I screamed, but they were on me too fast. Hands grabbed me, yanked me to the ground. Pain exploded across my face as someone hit me.

"This is what happens when charity cases think they're special," another voice hissed. "Damien Blackwood will never want you. You're nothing."

They knew. Somehow they knew about the mate bond.

Another blow. I tasted blood.

Through the pain and fear, my wolf howled for help. Called for the one person who could save us.

Called for our mate.

Then a roar split the night—primal and terrifying and furious.

A massive black wolf exploded from the trees, all teeth and fury. My attackers scattered, but the black wolf was faster. It grabbed one by the throat and threw him like a ragdoll.

The other two ran, leaving their friend bleeding on the ground.

The black wolf turned to me, and I knew those ice-blue eyes even in wolf form.

Damien.

He'd come for me.

Before I could react, he shifted back to human form and ripped the silver net away. His hands were gentle despite the rage burning in his eyes.

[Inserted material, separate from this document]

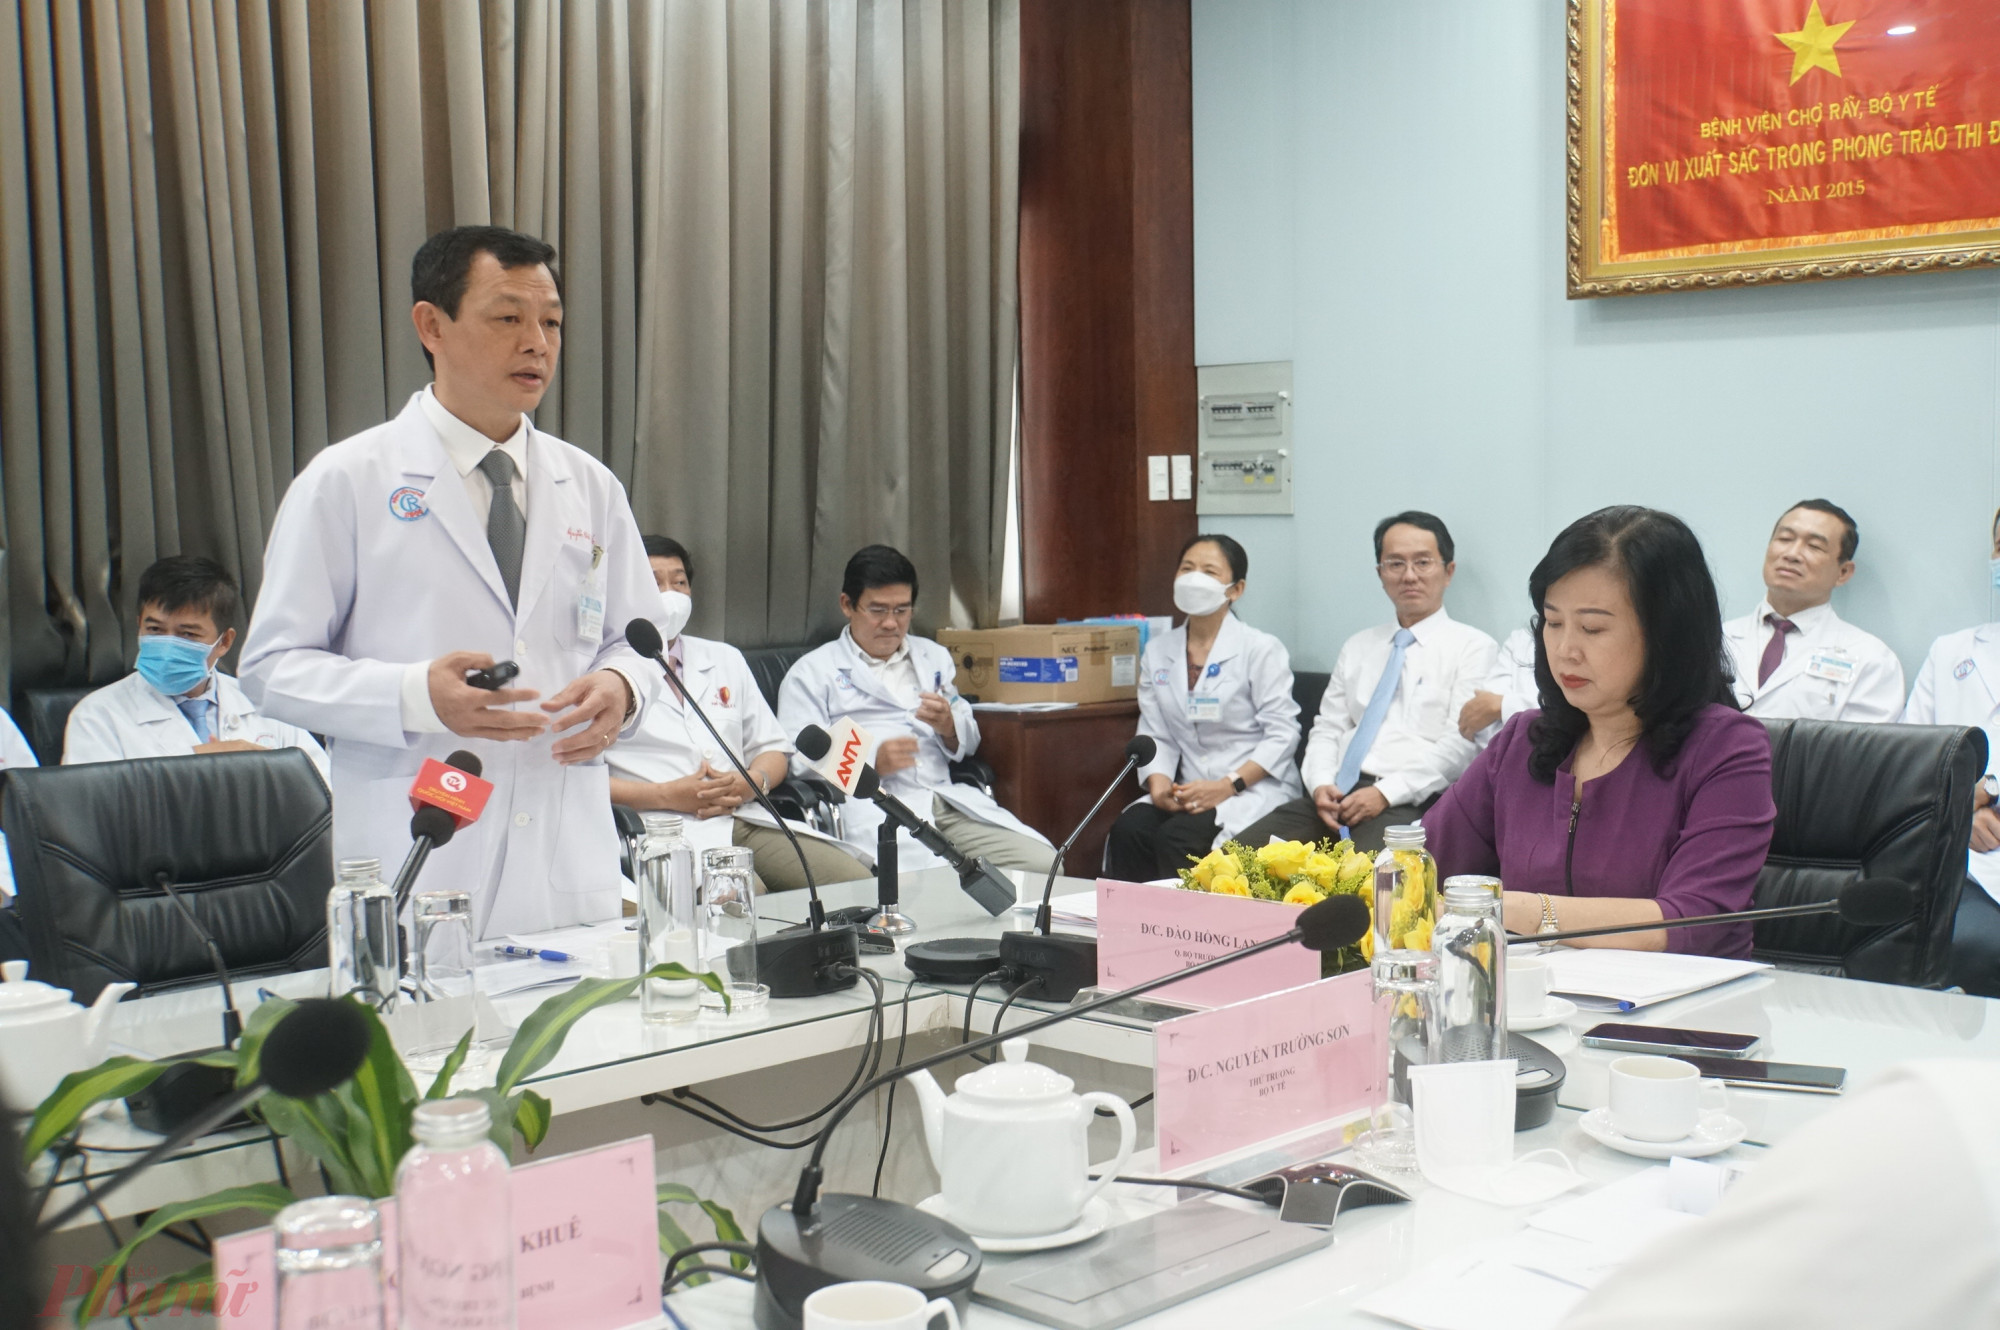 Giám đốc Bệnh viện Nguyễn Tri Thức (đứng) báo cáo công tác tại bệnh viện với quyền Bộ trưởng Bộ Y tế Đào Hồng Lan (áo tím)

"Isla," he breathed. "God, Isla, are you okay?"

I tried to answer, but my vision was blurring. The silver had burned deep. My wolf whimpered, weak and hurt.

"Stay with me," Damien commanded, scooping me into his arms. "Don't you dare pass out. Isla!"

But darkness was pulling me under. The last thing I heard was Damien's voice, desperate and broken:

"Please don't leave me. I just found you. Please."

Then nothing.

When I woke up, everything hurt.

I was in a bed I didn't recognize, in a room that smelled like pine and winter storms and him.

Damien sat in a chair beside the bed, his head in his hands. He looked exhausted. Destroyed.

"Where am I?" I croaked.

His head snapped up, relief flooding his face. "You're awake. Thank God. You've been out for six hours."

Six hours. The scholarship review. "What time is it?"

"Eight-thirty."

"I have to go!" I tried to sit up, but pain shot through me. "The review is at nine—"

"You're not going anywhere." Damien's voice was firm. "Not until you tell me who attacked you."

"I don't know! They wore masks—"

"But they knew about us." His eyes burned into mine. "They knew about the mate bond. Which means someone close to me told them."

The implications hit me like a truck.

Someone in Damien's inner circle wanted me dead.

And they wouldn't stop until I was gone.

Or until one of us was destroyed.

"Damien," I whispered. "I think someone in your pack is trying to kill me."

His jaw clenched. "I know. And I'm going to find out who."

But before either of us could say more, the bedroom door burst open.

Victor Blackwood stood in the doorway, his face twisted with rage.

"Get away from that omega," he snarled at his son. "Now. Before you destroy everything our family has built."